The argument is not about stopping for Marked Cruisers and it is not about "You" deciding that a desolate stretch of road at midnight is the best place to pullover for an "unmarked" cruiser. It is all about safety, could be yours or could be a lone female.

Descretion is the better part of stupidity, and your comments about arresting people or issuing a ticket are plain stupid, tie it together with your comment about court time and $ in your pocket........That is plain extortion of the public.


----------



## MM1799 (Sep 14, 2006)

For the record "we" do decide what is safe (radio, light, etc) place to pull someone over. I drive a greybird. When I light you up; pull over. To reiterate what I've said take safety precautions then (see above). 

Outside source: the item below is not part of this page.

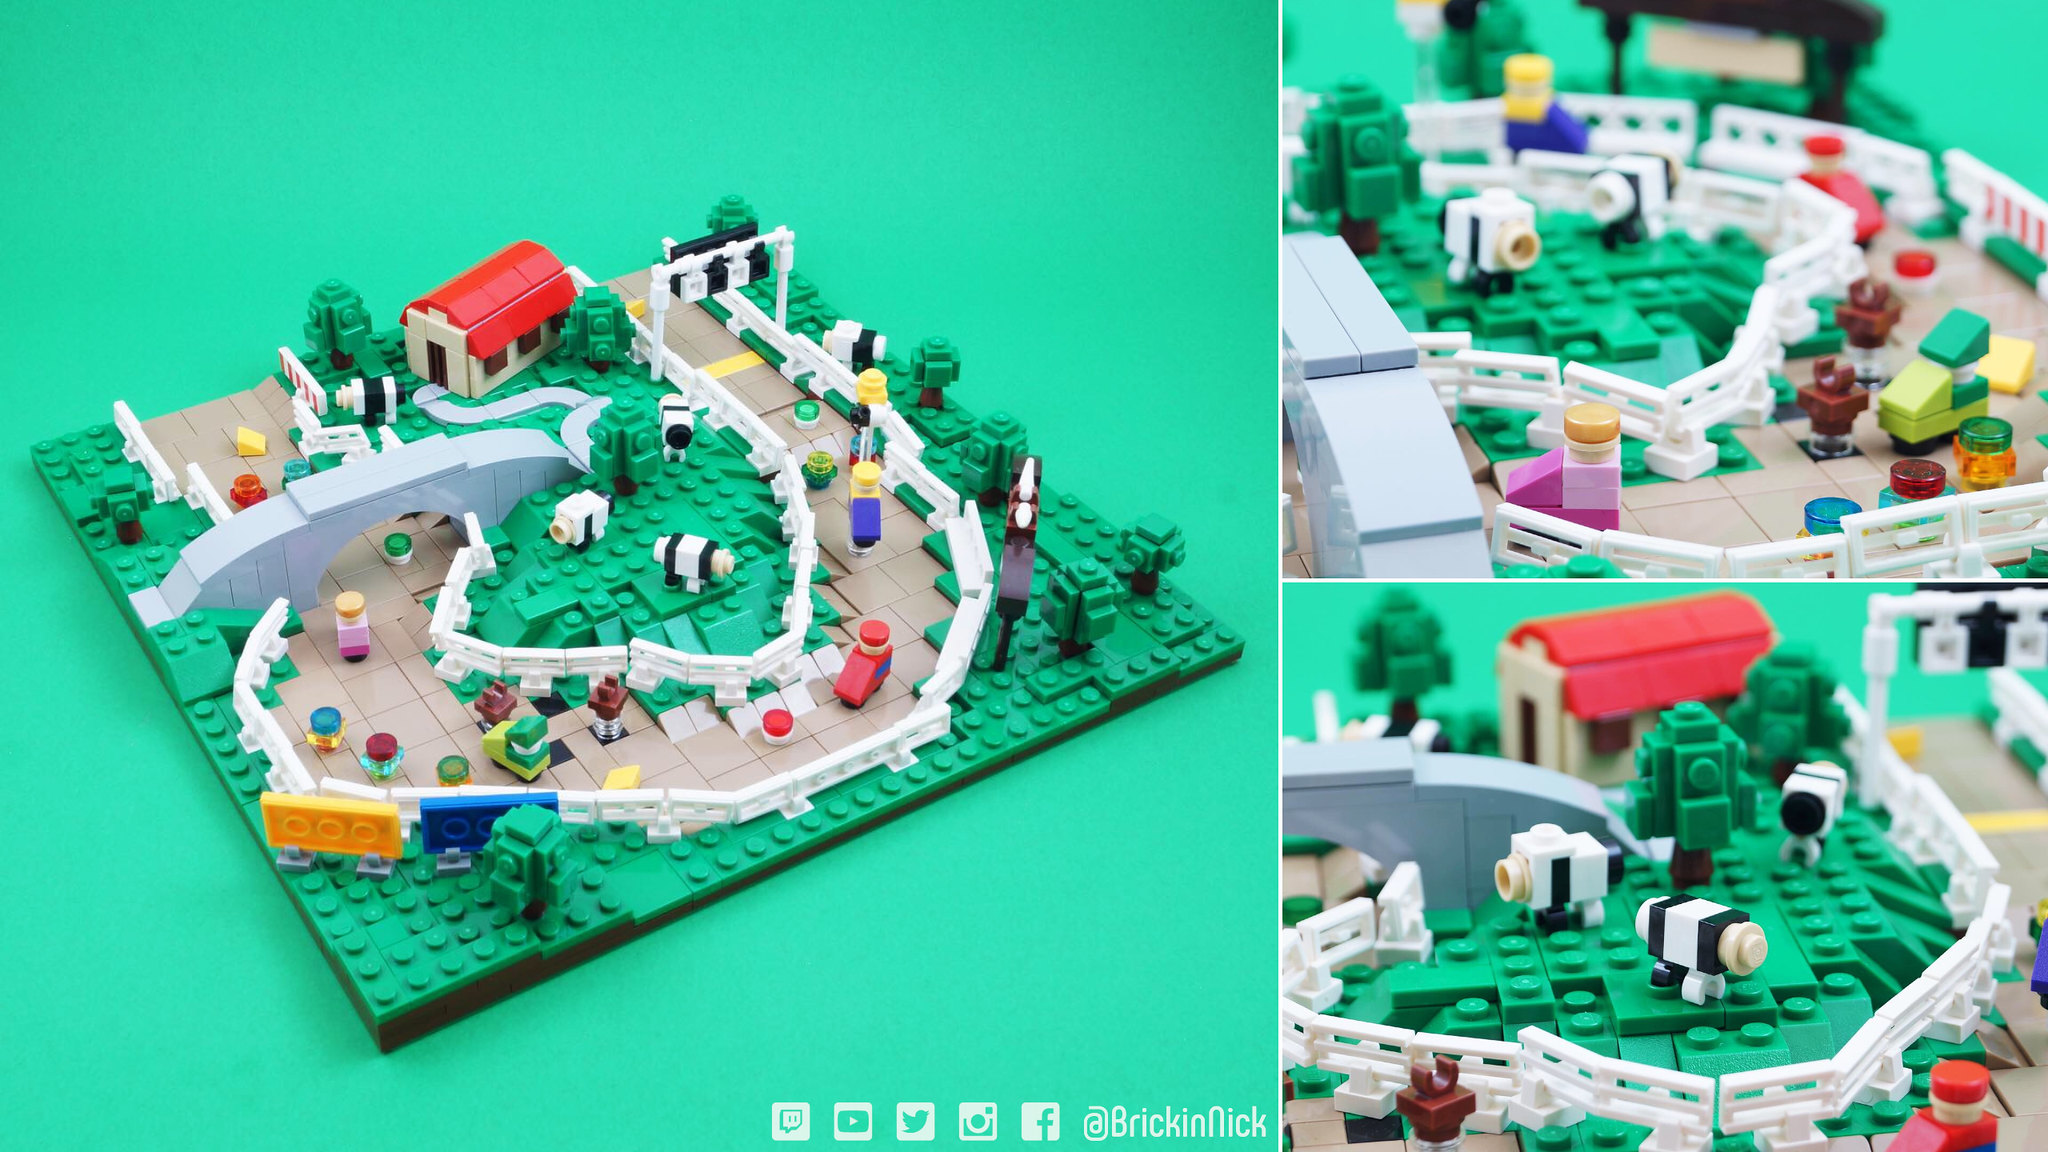 Mario Kart - BrickNerd - All things LEGO and the LEGO fan community

If you have some 1980 buick with a flashing blue light and some guy in a hawaiian shirt.. that's different.


----------



## Guest (Jul 14, 2007)

dcs2244 said:


> I can just see this leading to some bolshevik bastard pulling over when they want to just so they can "question your authority" and then cite the ramblings posted at the website. I assure you, such a case will almost certainly end in an arrest. What may be reasonable when a person is confronted with an unmarked car/plainclothes officer is certainly not reasonable when facing a fully marked car/ officer in uniform. But people will try it because they believe it's their "right"...just because it was posted on an "official" website. I can just imagine how much fun traffic stops will become in Cambridge, Amherst and Northampton.

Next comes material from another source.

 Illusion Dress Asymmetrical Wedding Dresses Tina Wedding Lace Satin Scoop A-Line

It really seems like you're more pissed-off about possibly having your authority questioned than anything else. Any cop with half a brain can tell the difference between an ACLU troublemaker driving the latest trendy hybrid and the frazzled mother driving a Honda Odyssey.

If I stop, as you say, a bolshevik bastard who started quoting his "right" to stop when he felt safe, he's getting the bonus package. However, do you honestly think that's warranted when it's a woman with young kids in the car who immediately apologizes and explains she was concerned for her and her children's safety?

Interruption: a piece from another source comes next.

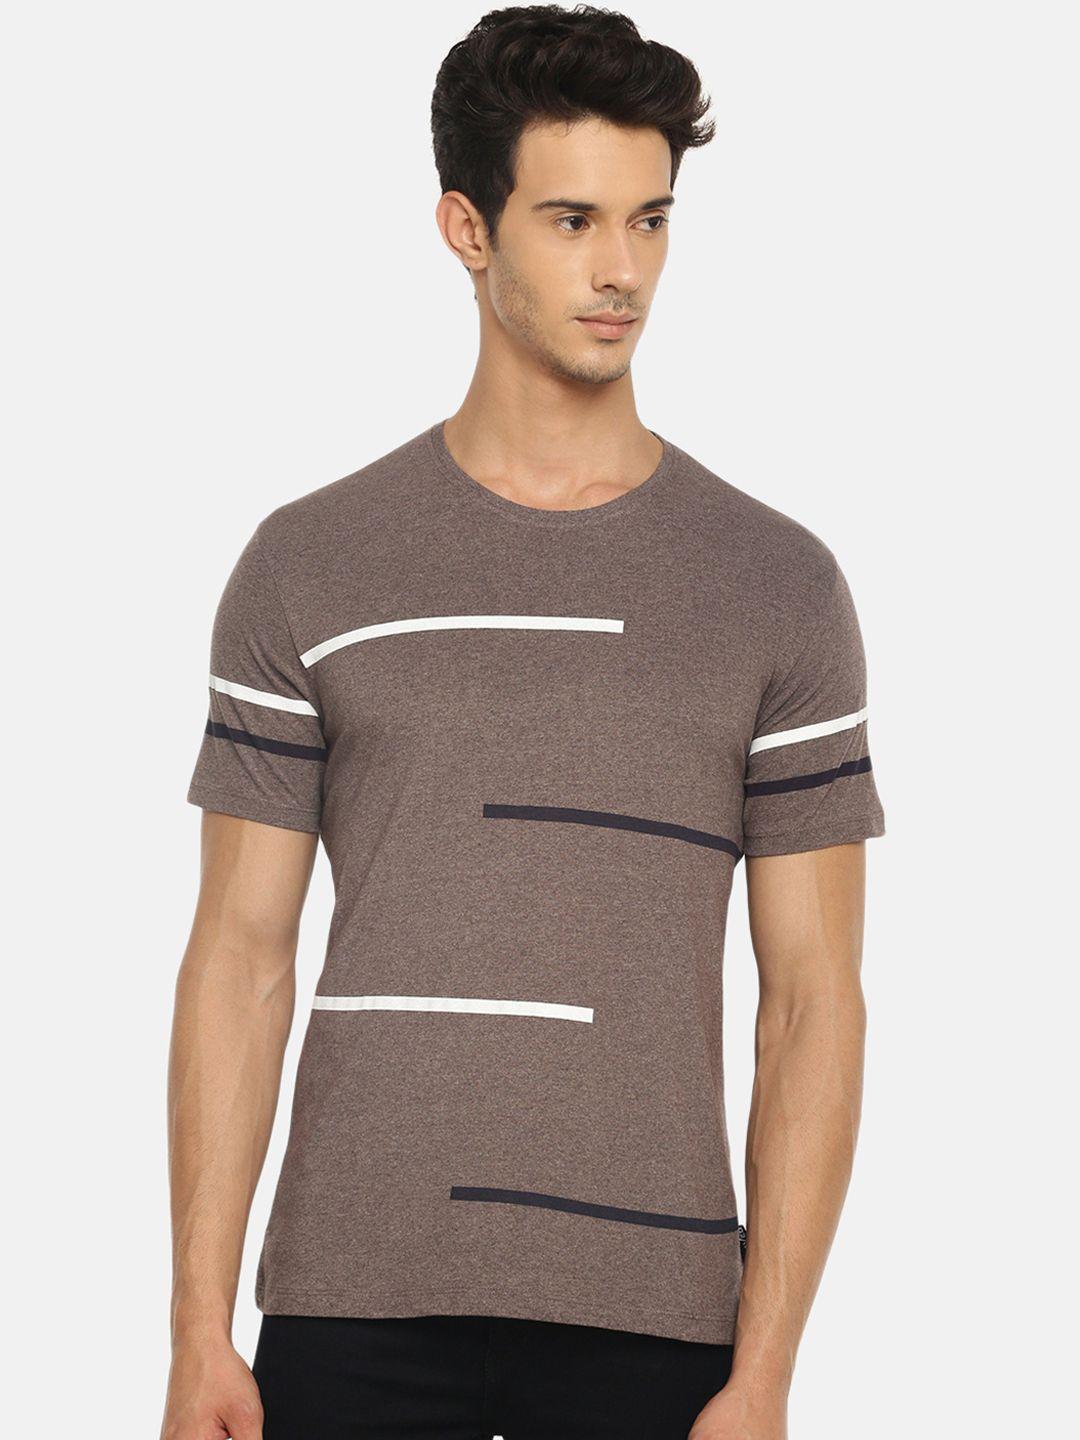 braveo men taupe striped round neck pure cotton t-shirt

As I said before, we're our own worst enemies when it comes to public relations. If more cops didn't perceive every little thing as a questioning of their authority/manhood, we'd have a lot less trouble overall.


----------



## Mitpo62 (Jan 13, 2004)

Must I write this again............*compassion, common sense, and a sense of humor. *


----------



## dcs2244 (Jan 29, 2004)

Delta784 said:


> If I stop, as you say, a bolshevik bastard who started quoting his "right" to stop when he felt safe, he's getting the bonus package. However, do you honestly think that's warranted when it's a woman with young kids in the car who immediately apologizes and explains she was concerned for her and her children's safety?


Delta, I think my post made it clear...maybe not in so many words...that my intent is not to target "mommies with babies"...but should the event occur, then yes, gig and goto court and have it adjudicated by a judge. Nobody knows what they are stopping: Honda Odyssey or whatever...it could be anything, regardless of who is driving the car and the number of kids in said car.



ghostrider said:


> The argument is not about stopping for Marked Cruisers and it is not about "You" deciding that a desolate stretch of road at midnight is the best place to pullover for an "unmarked" cruiser.


Ghost, good point about the "marked cruiser"...I did not make that distinction when I read the article: we understand what we WANT to understand. My mistake and I apologize for sounding off and winding everyone up.

However, I did not mention anything about "desolate stretches of road at midnight"...nor did I posit the cruiser as being unmarked (which the post addresses).

As far as "extorting" the public: No. They must pay for their transgressions. If you choose to "relax" because it is a woman with children in a mini van, that is your deal. I pray that we won't have to travel to your funeral. I choose to be a sceptic...women/children/mini van: terrorist, drug mule, innocents or bank robbers...could be anything.

And, no, I don't write gigs for court time: I mentioned that to make the point that the police do not "lose". Regardless of the court decision, it's a win for the cop...hence my suggestion that one think carefully about not stopping.


----------



## Guest (Jul 15, 2007)

dcs2244 said:


> As far as "extorting" the public: No. They must pay for their transgressions. If you choose to "relax" because it is a woman with children in a mini van, that is your deal. I pray that we won't have to travel to your funeral. I choose to be a sceptic...women/children/mini van: terrorist, drug mule, innocents or bank robbers...could be anything.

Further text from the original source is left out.